4. Schreiben Sie eine LiebesListe

„Keiner mag mich!“ Gehört dieser Satz ins Standardrepertoire Ihres Kindes? Dann geben Sie ihm ein Blatt Papier mit einer zweispaltigen Tabelle. In die eine Spalte kommen alle Personen, die es (angeblich) nicht leiden können, in die andere alle, die es mögen (Mama, Papa, Oma, Opa, Tante Ines usw.). Bestimmt wird es erstaunt sein, dass es gar nicht so klein und unbedeutend ist, wie es meint, weil es ein sehr sicheres Umfeld hat.

5. Die gute alte Zeit?!

Berichten Sie (und die Großeltern, Patentante etc.) Ihrem Kind immer wieder von Ihrer Schulzeit, die bestimmt auch nicht immer rosig war.

  • Mit wem waren Sie befreundet, als Sie im Alter Ihres Kindes waren?
  • Was haben Sie am liebsten zusammen gemacht?
  • Was hat Ihnen besonders an Ihrem Freund/Ihrer Freundin gefallen?
  • Waren Sie nur mit Mädchen, nur mit Jungen oder mit beiden befreundet? Warum?
  • Haben Sie sich auch mal ganz schlimm gestritten? Wenn ja, worum ging es dabei?

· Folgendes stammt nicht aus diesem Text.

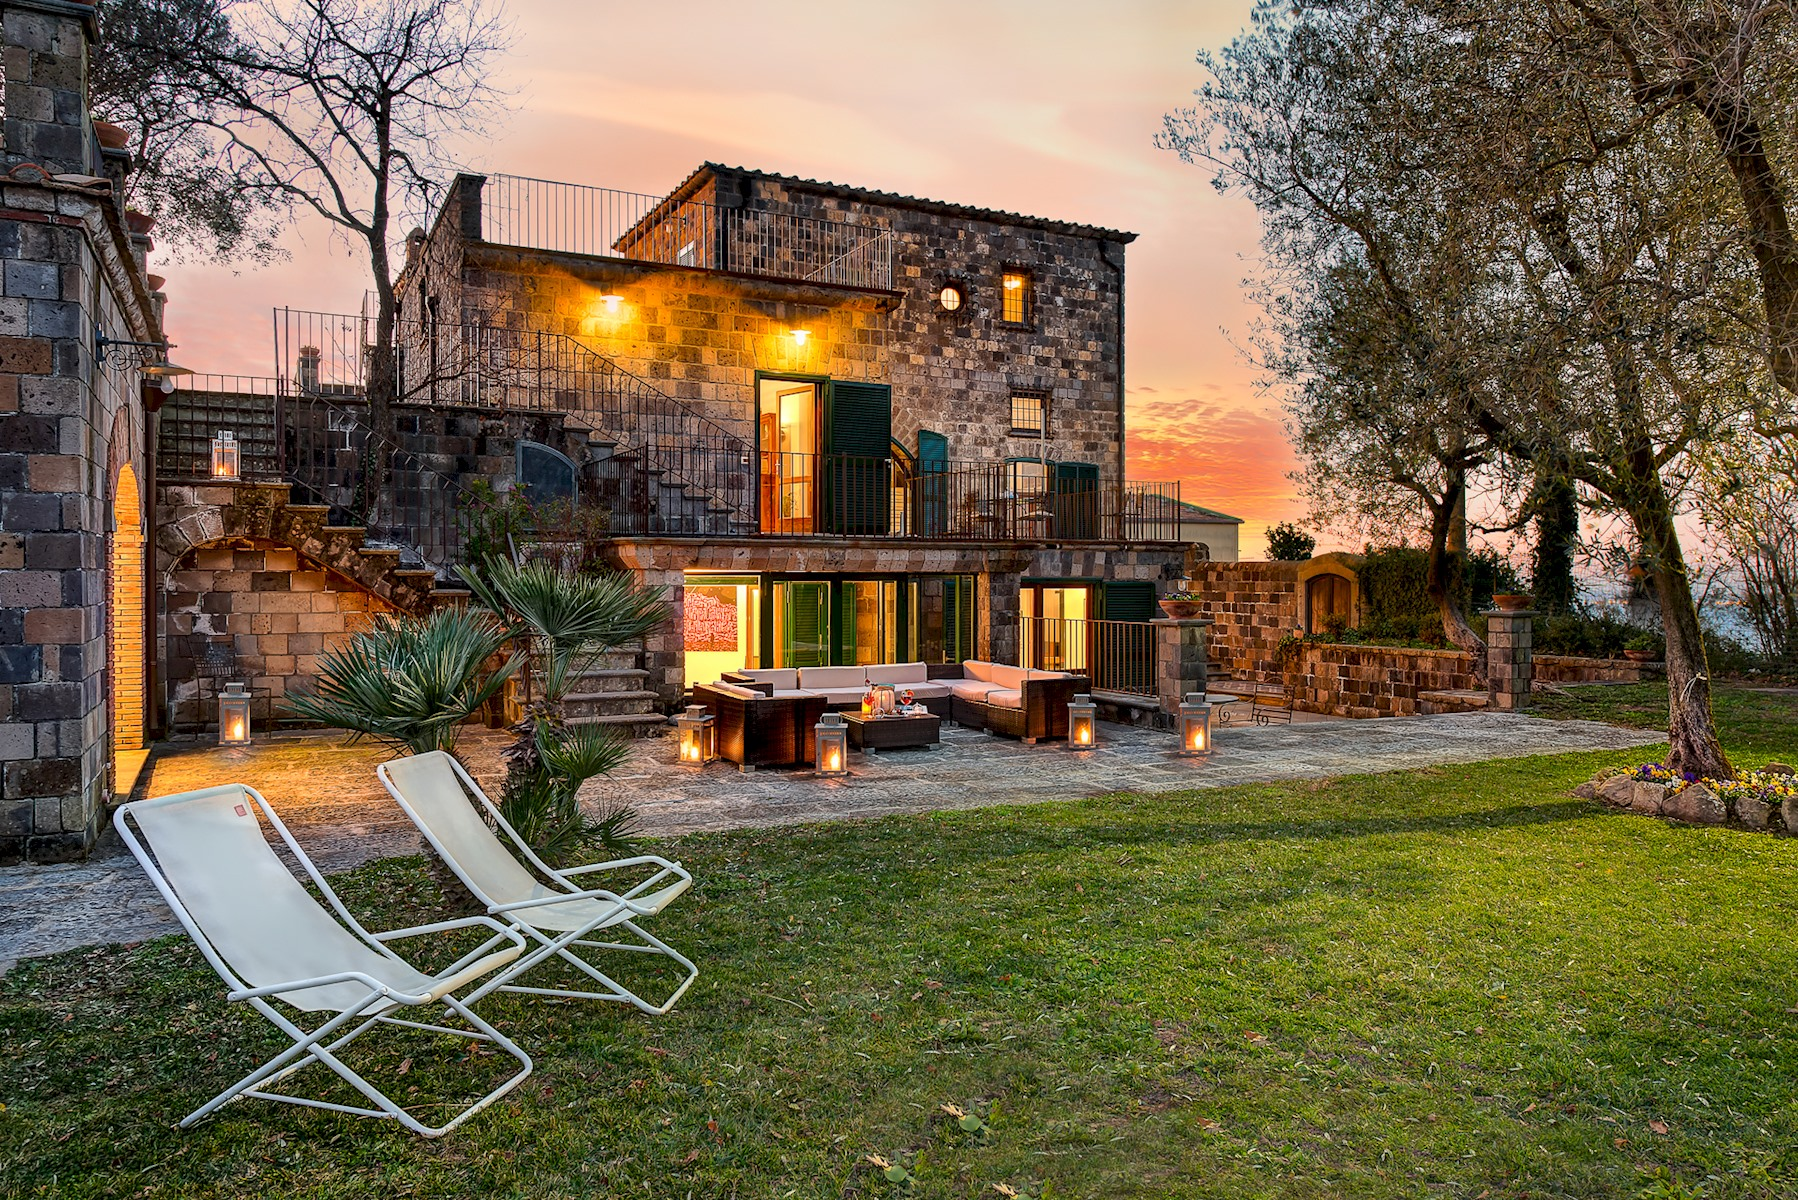 Apartment Villa Vesuvio - Luxury and Beauty photo 25035351

Bestimmt erkennt Ihr Kind, dass es gerade nichts Schönes erlebt, dass es aber auch nichts Außergewöhnliches ist, weil es jedem im Leben ab und zu so ergeht und es irgendwann überstanden sein wird.

6. Post für dich!

Wie wäre es mit einer Brieffreundschaft, um die Kontaktfreudigkeit Ihres Kindes zu steigern? Hierbei lernt es, sich im geschützten heimischen Rahmen auf jemanden einzulassen, ihm Fragen zu stellen und Fragen zu beantworten oder von sich zu erzählen. Obendrein hat es regelmäßig ein besonderes Erlebnis im Alltag, wenn ein Brief des Freundes im Postkasten liegt. Vielleicht kennt in Ihrem Bekanntenkreis jemand ein gleichaltriges Kind, das eine Brieffreundschaft pflegen möchte? Schauen Sie alternativ auf entsprechenden Suchseiten in Kinderzeitschriften (z. B. Geolino, Bimbo) oder im Internet

7. Führen Sie ein Gespräch mit dem Lehrer

Leidet Ihr Kind sehr unter der Situation, kann es hilfreich sein, den Lehrer nach seinen Beobachtungen zu fragen. Versuchen Sie, sachlich zu bleiben und seinen Schilderungen vorbehaltlos zuzuhören, und fragen Sie ganz konkret nach Tipps (z. B. die Teilnahme an einer AG, eine Therapie).

  • Wie beliebt ist Ihr Kind seiner Meinung nach bei einem Großteil seiner Klassenkameraden?
  • Neben wem sitzt es? Wie versteht es sich mit dem Mitschüler?
  • Könnte der Lehrer Ihr Kind neben einen Banknachbarn setzen, von dem er denkt, dass sich die beiden gut verstehen?
  • Mit wem verbringt es die Pausen?
  • Wie verhält sich Ihr Kind anderen gegenüber? Ist es aggressiv, oder verhält es sich sonst in einer Art, die auf Ablehnung stößt?